We test a synthetic MDP with transitions evolving as $s' \sim \mathbb{P}( \cdot | s, a)$ where

$$\mathbb{P}(s' | s, a) = q(s') \cdot \exp (\langle \psi(s'), W_0 \phi(s, a) \rangle - Z_{s, a}(W)).$$

We work with 1d real-valued state and binary actions, i.e. $d_s \in \mathbb{R}$ and $d_a \in {-1, 1}$.

We call the density "CustomSinDensity" when the functions $q, \psi, \phi$ are:

$$q(s') = -(s')^{\alpha} / \alpha, \quad \psi(s') = \sin (P \cdot s'), \quad \text{and} \quad \phi(s, a) = [s, a].$$

Given a specific setting for $\alpha, P$, and a real-valued reward function $r(s, a)$, the goal is to play actions that maximize rewards when states evolve according to the transition model. Refer to the paper for more details on the specific setting for $\alpha, P$ and the reward function.

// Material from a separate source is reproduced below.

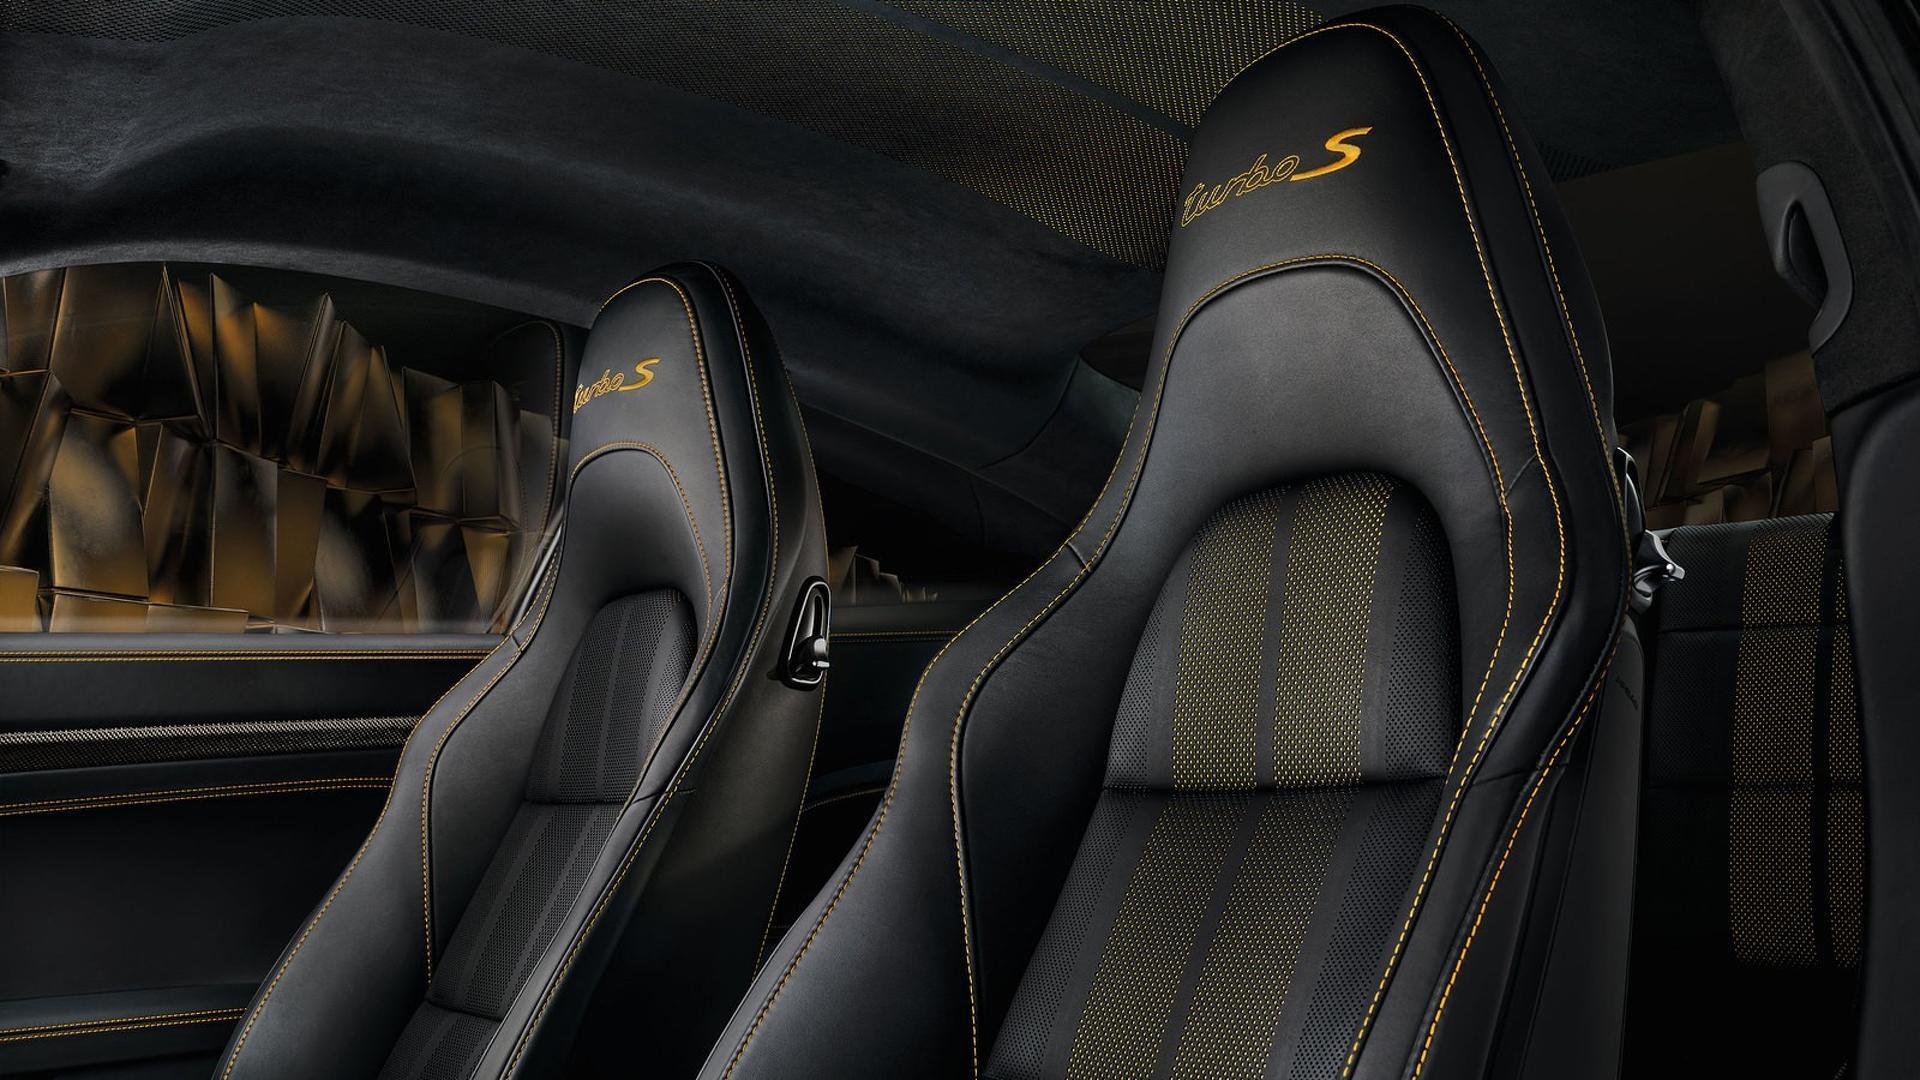 Porsche_911_Turbo_S_Exclusive_Series_28

Running experiments with CustomSinDensity

scripts/simulate.py uses a simple random shooting planner: it (i) simulates lookaheads of playing [+1, . . . , +1] and [−1, . . . , −1], and (ii) chooses action depending on which yields higher reward. The length of each lookahead is tau and the planner simulates num_trials lookaheads.

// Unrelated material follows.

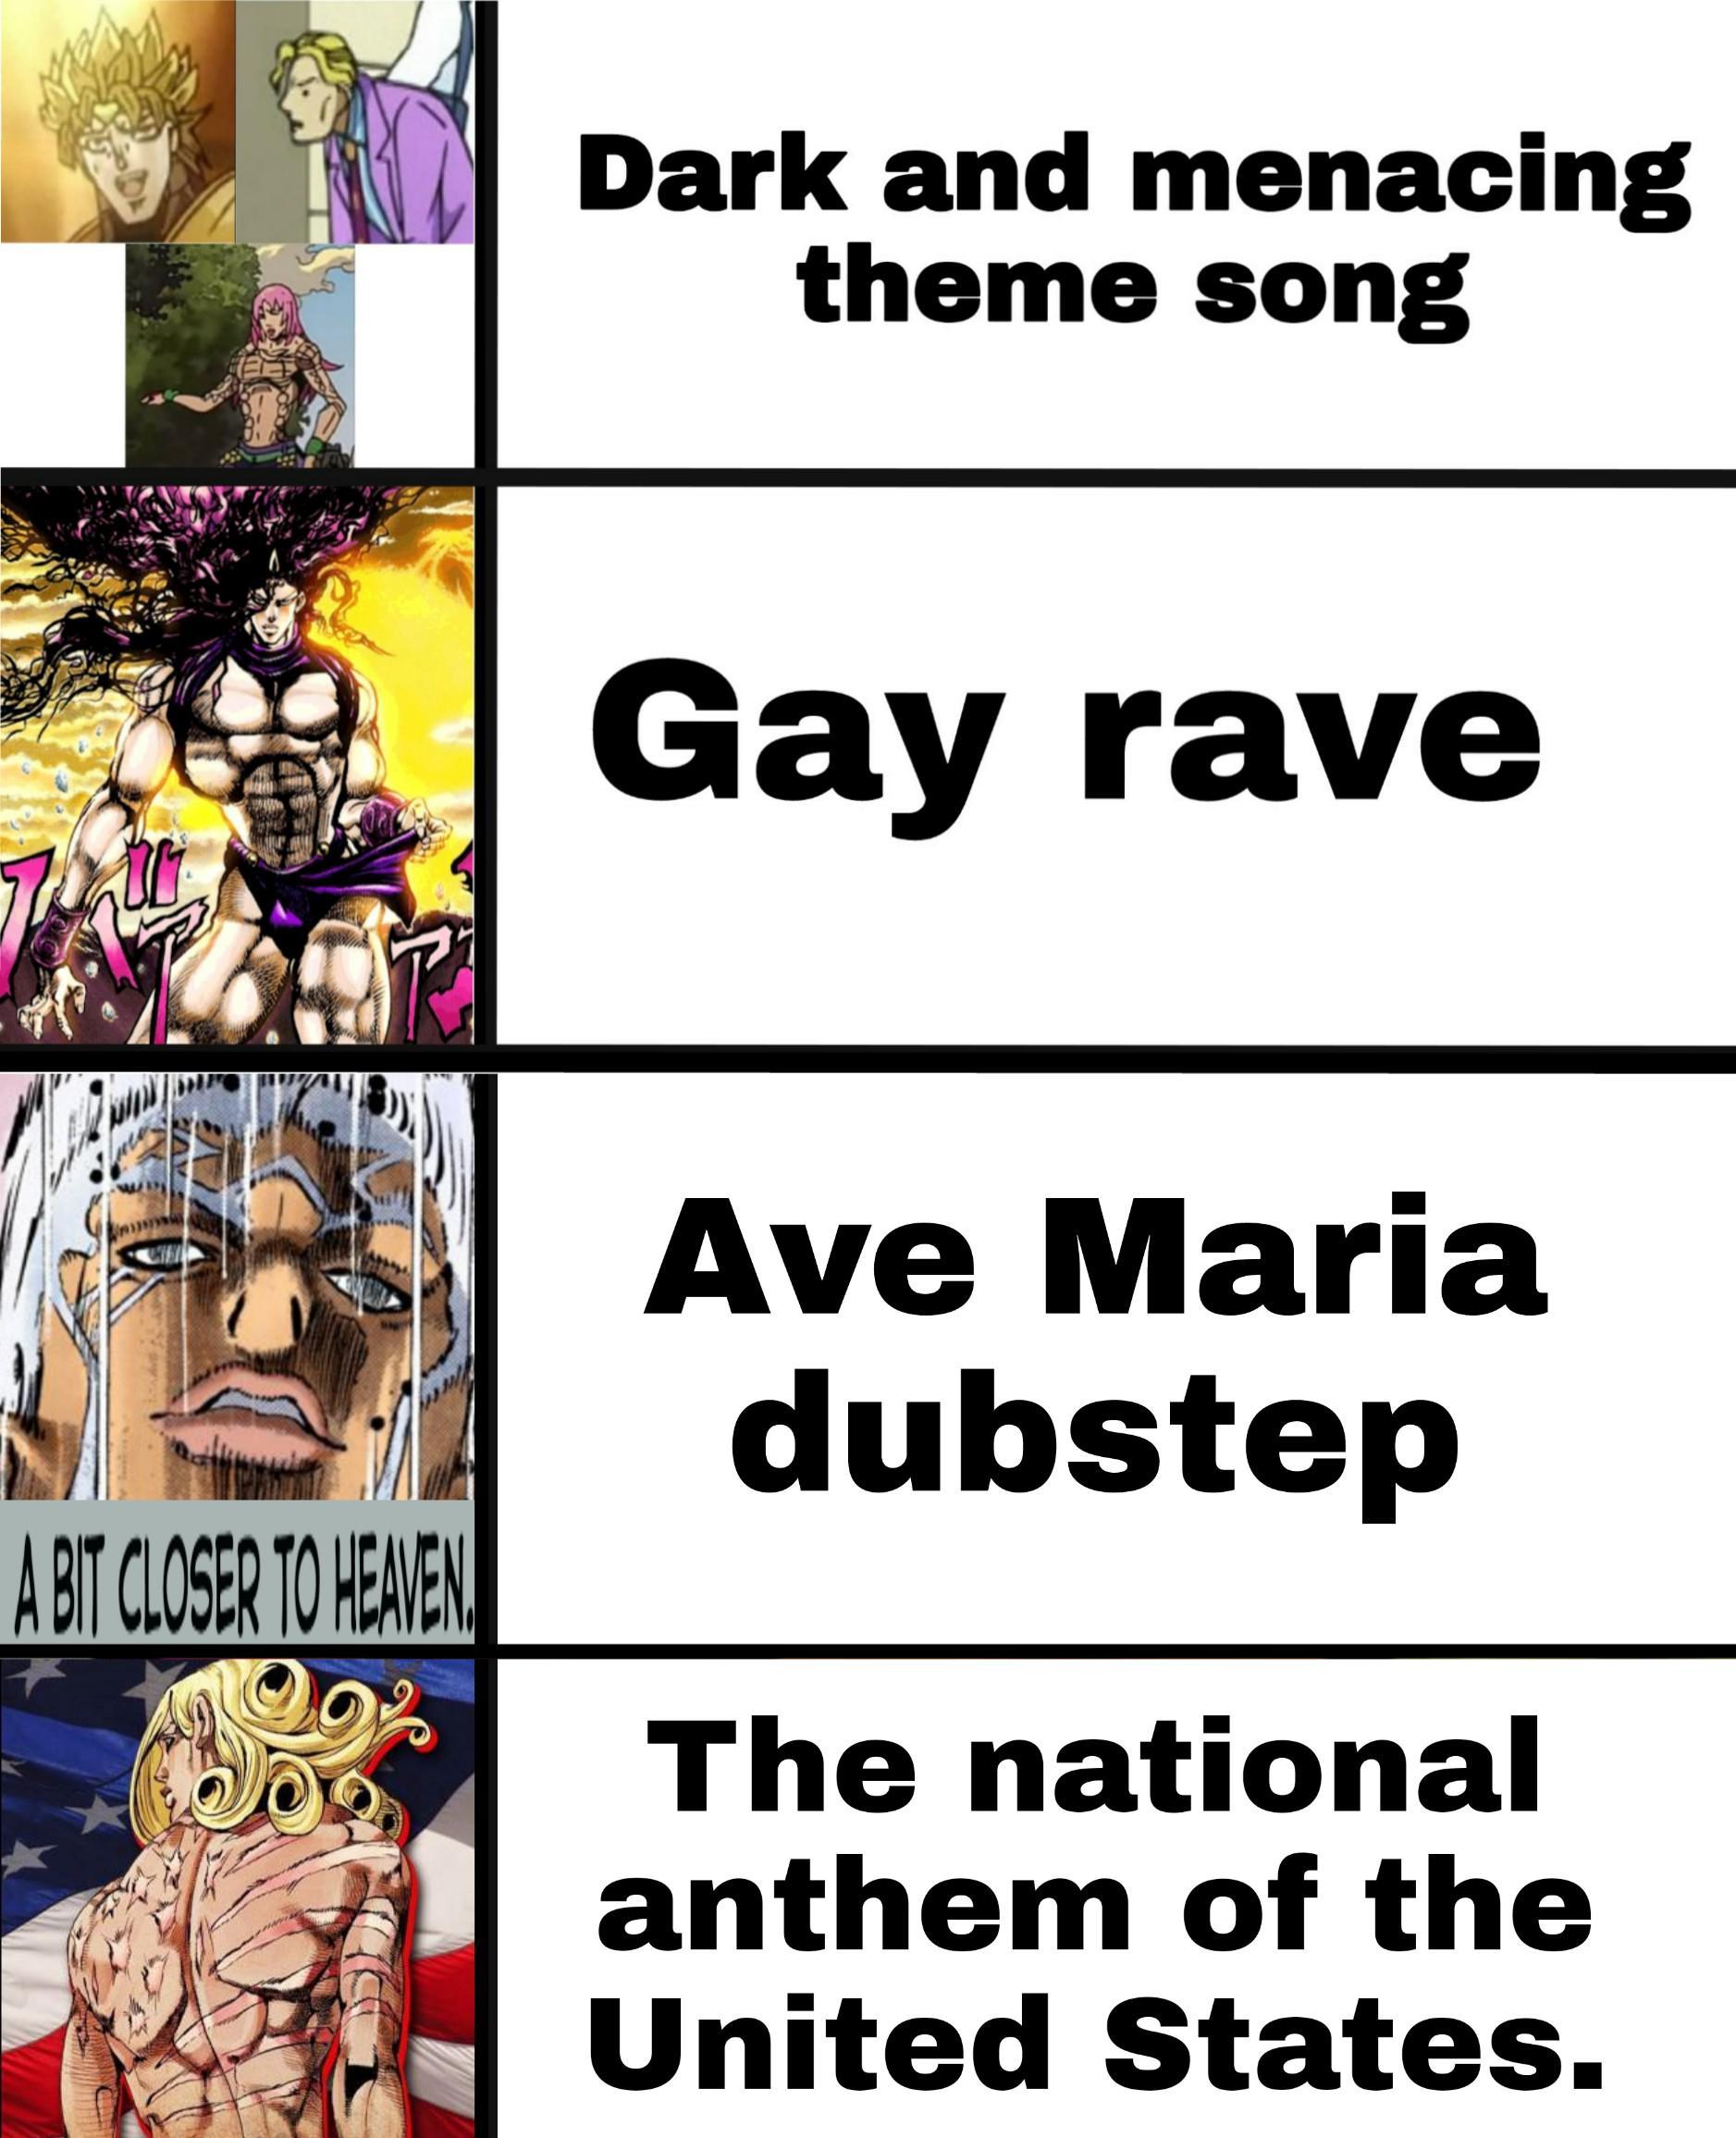 Jojo Song Meme : Theme, Songs, Villains, /r/ShitPostCrusaders/, JoJo's, Bizarre, Adventure

# To use Gaussian as the estimated transition model
SAMPLING_DENSITY="normal" bash scripts/simulate_custom_sin.sh

# To use CustomSin as the estimated transition model (functions q, psi, phi 
# known; parameter W is learned)
SAMPLING_DENSITY="custom_sin" bash scripts/simulate_custom_sin.sh

# To use actual transition model as the estimate (baseline CustomSin), i.e. 
# parameter W is known and NOT learned
bash scripts/simulate_custom_sin_baseline_self.sh

Plots

Finally, generate plots for the three experiments with the following two scripts. The first plots the action the planner chooses for the transition model, and the second plots the cumulative rewards over the training episodes.

# Save plots in this directory
mkdir -p notebooks/plots

python scripts/plot_planner_actions.py

python scripts/plot_cum_regret_baselines.py

Example transitions and Score Matching fit on 1d densities

We also provide code that checks the fit of Score Matching estimate on handcrafted densities and MDPs. We used these for testing purposes.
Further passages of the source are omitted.